Brief
Print, with no pictures, the exact lines that run from the one containing "Status of evacuation" through the last line of the material below, both ends included.

Start of Dataset excerpt

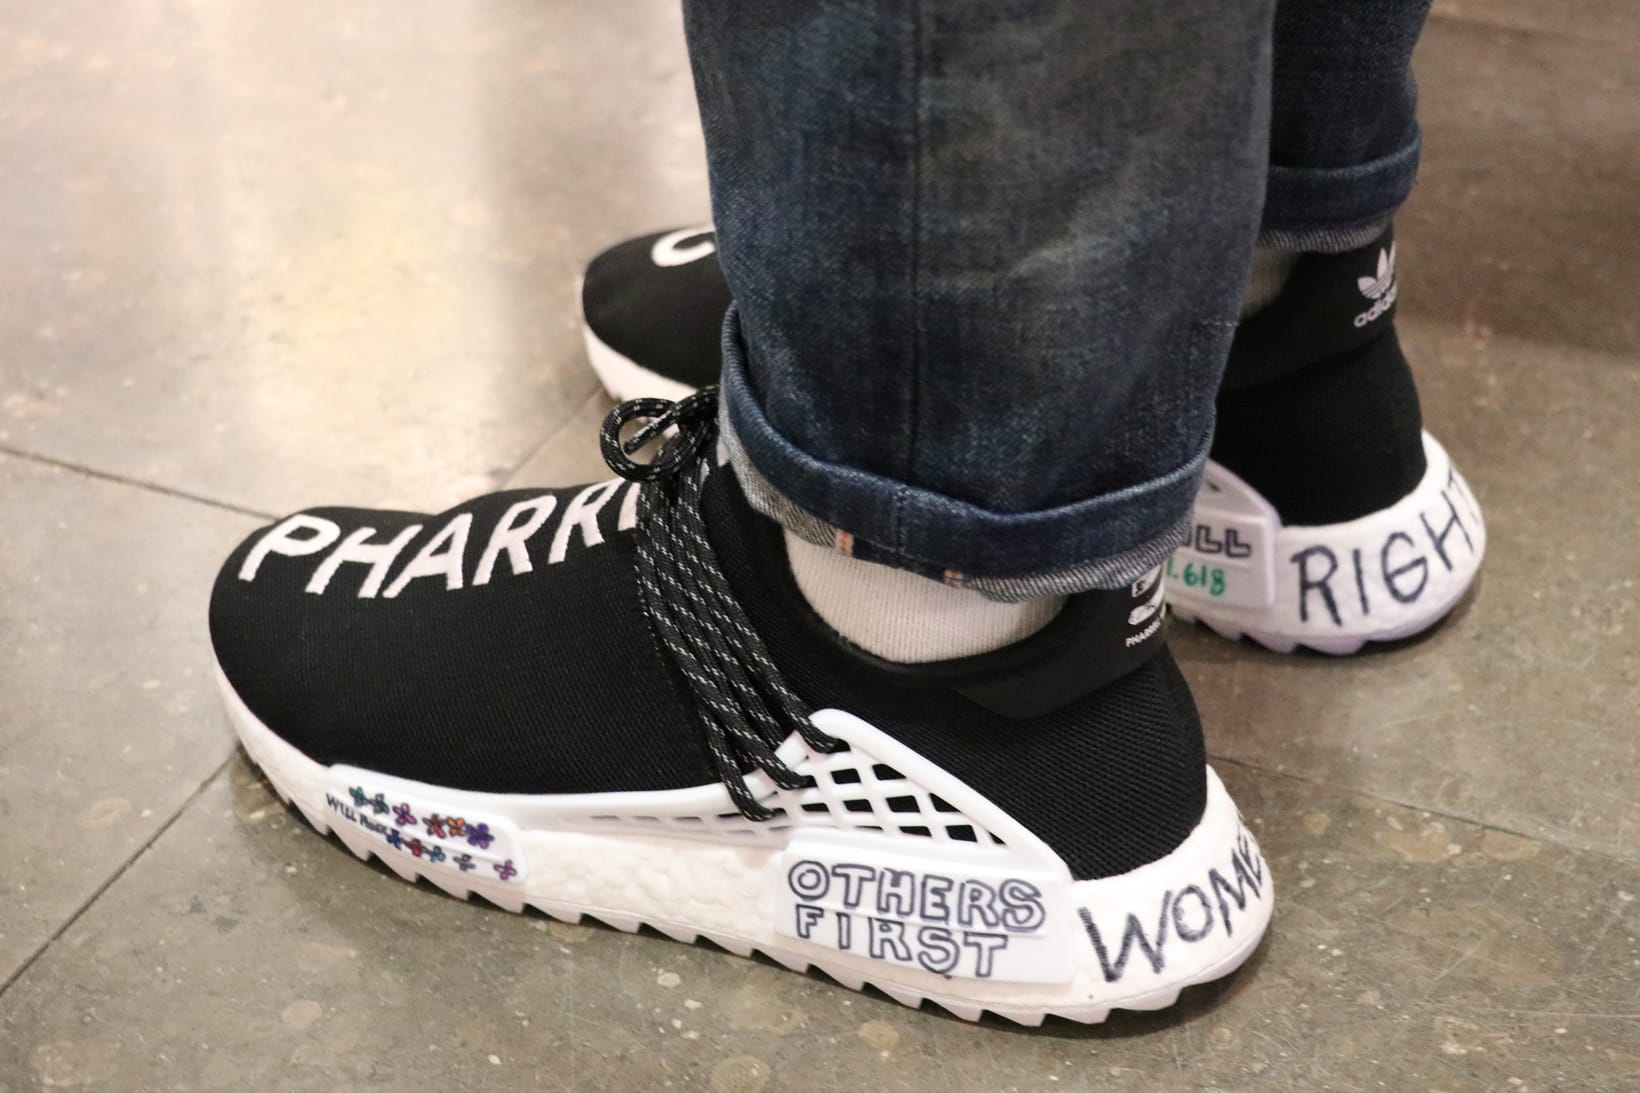 chanel shoes pharrell williams
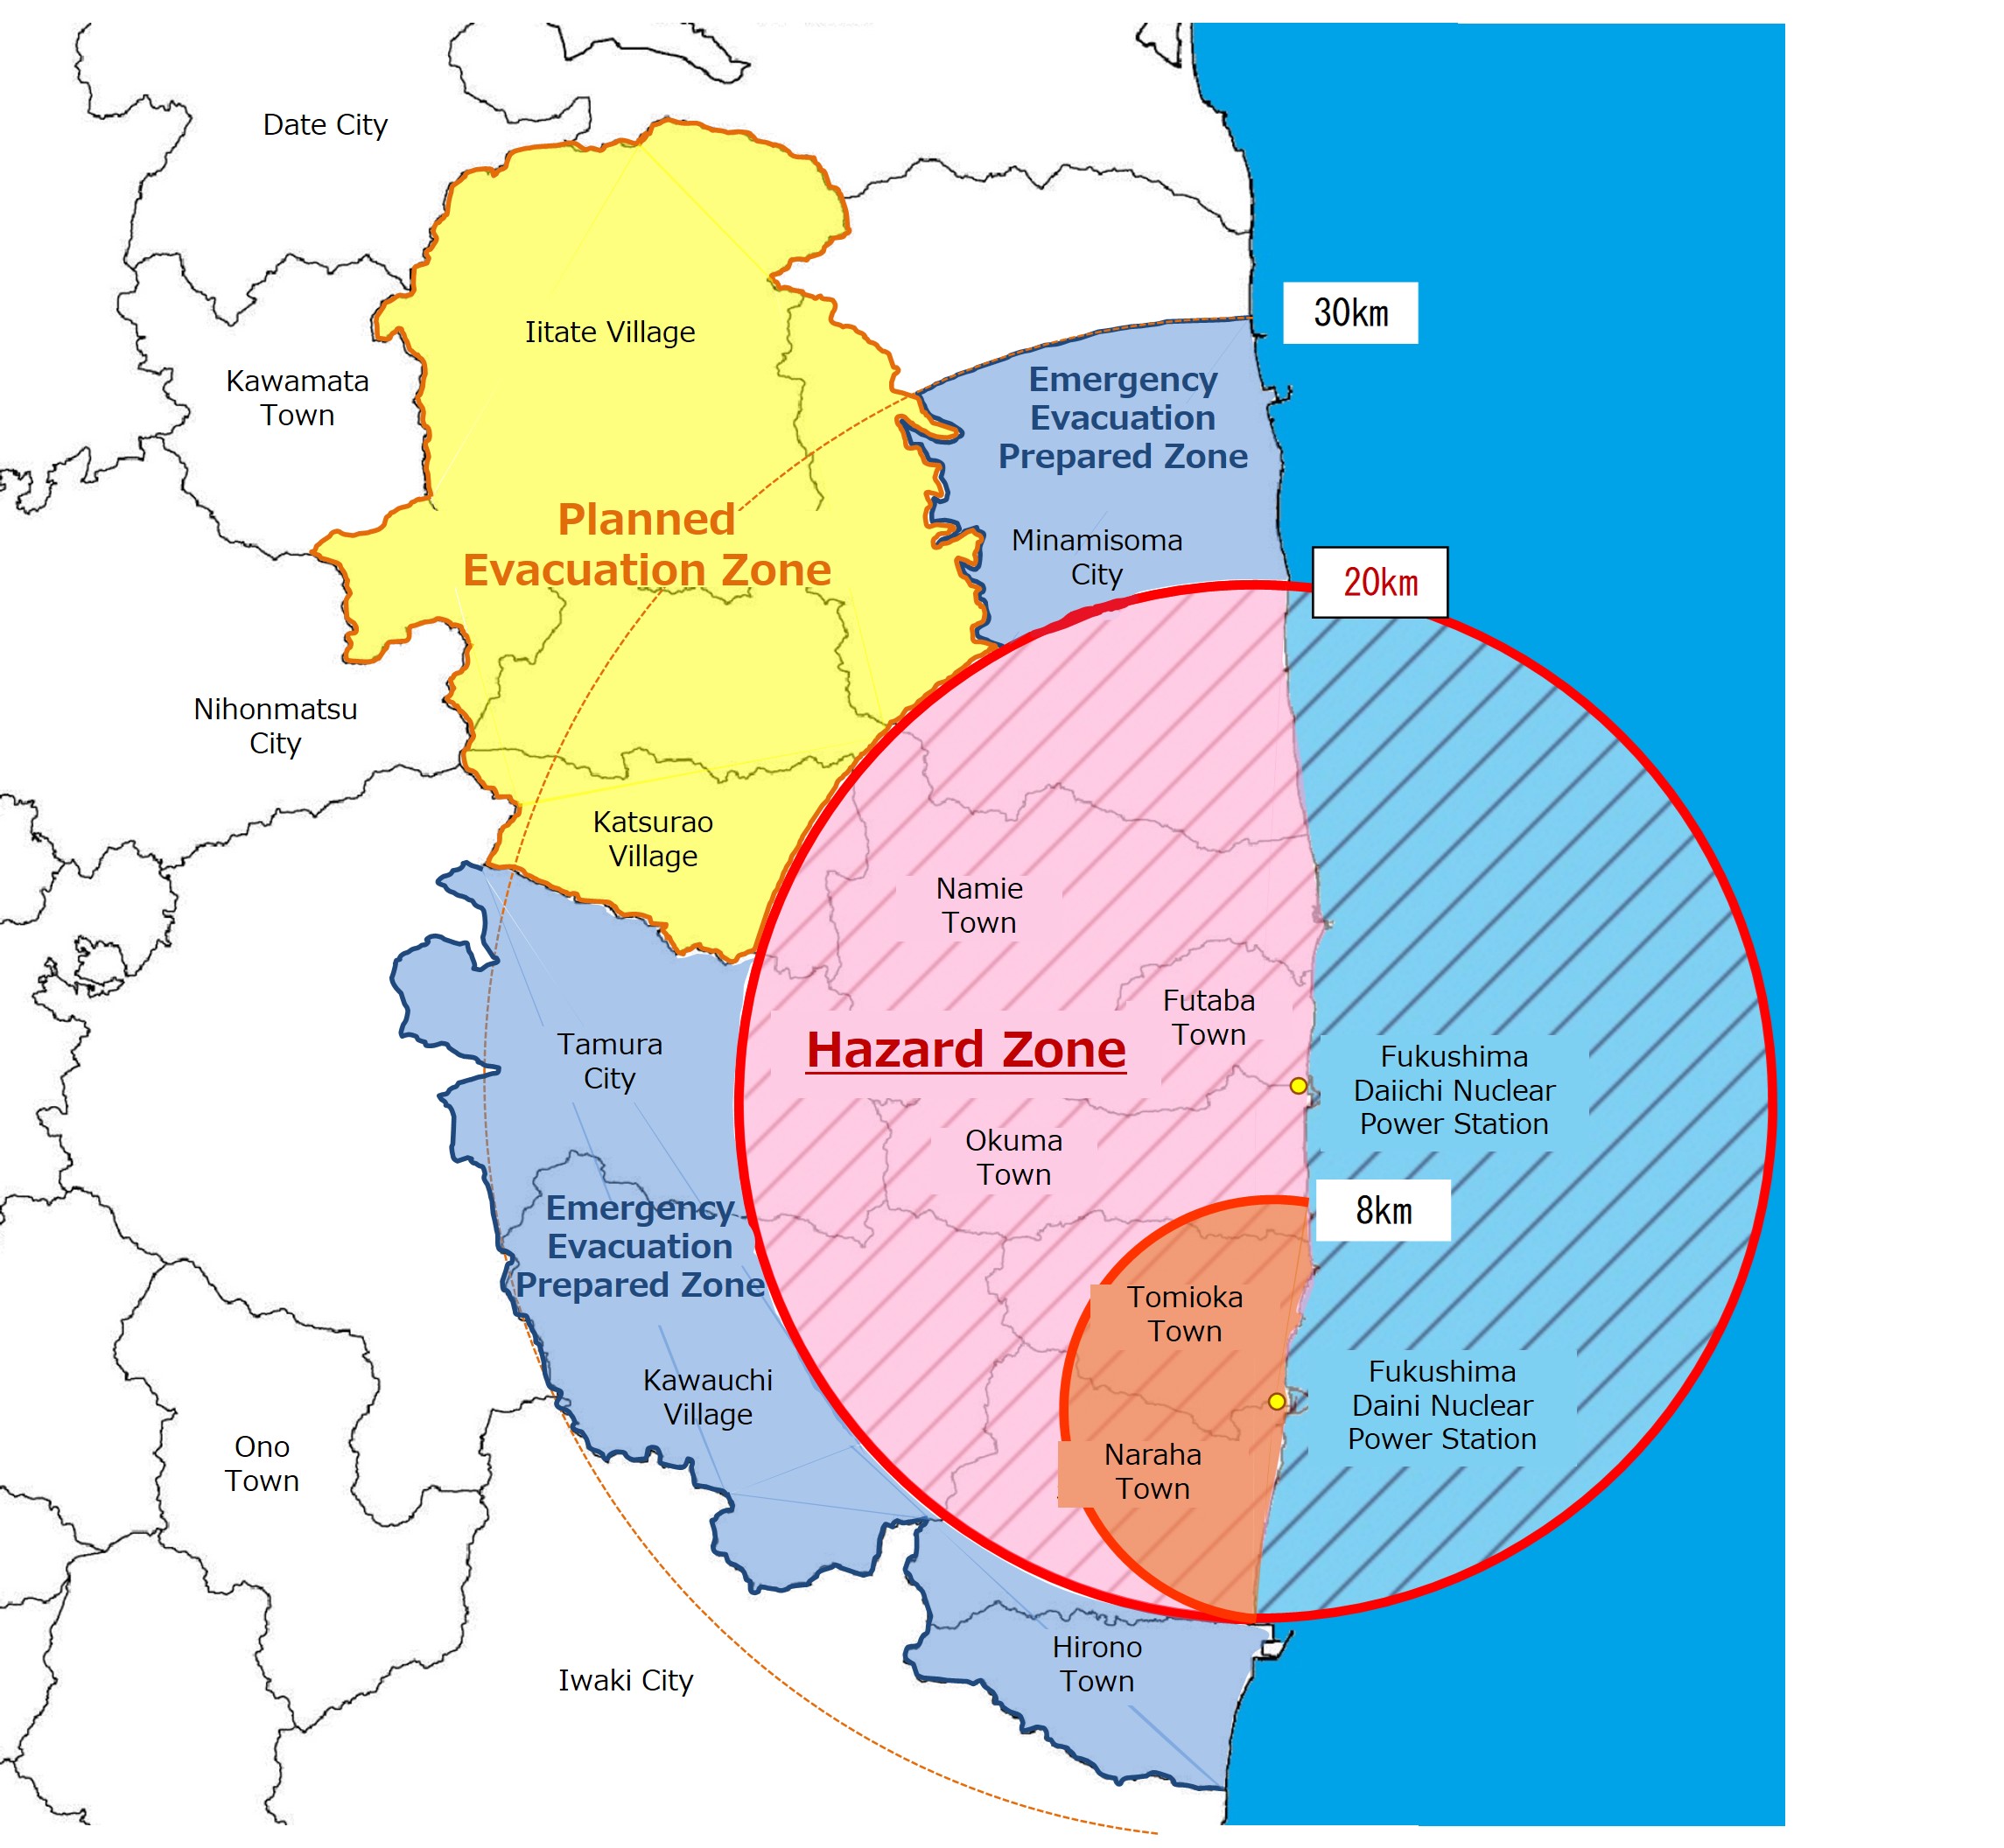 Status of evacuation zones (as of April 22, 2011)1
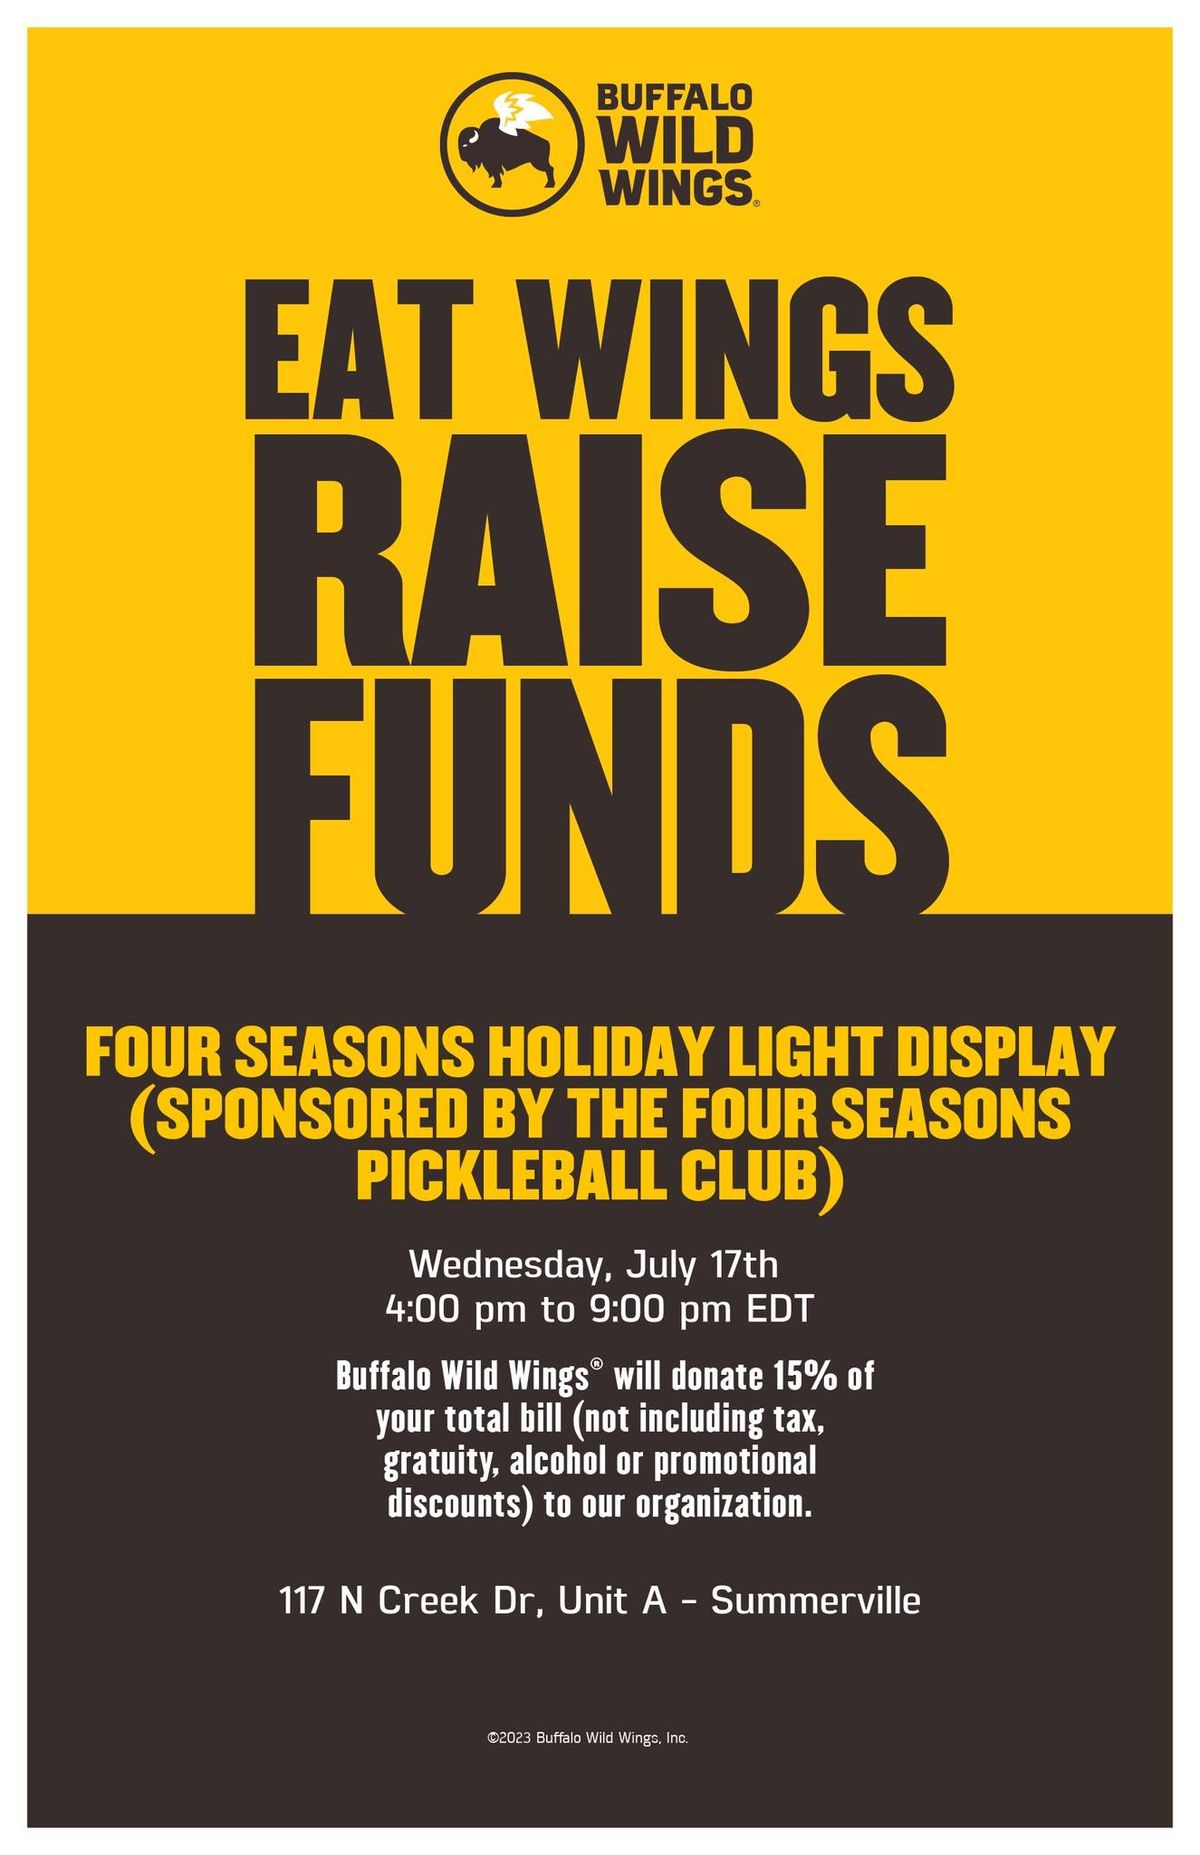 FS Holiday Light Display Fundraiser at Buffalo Wild Wings

End of Dataset excerpt

Response to this task
 Status of evacuation zones (as of April 22, 2011)1
 FS Holiday Light Display Fundraiser at Buffalo Wild Wings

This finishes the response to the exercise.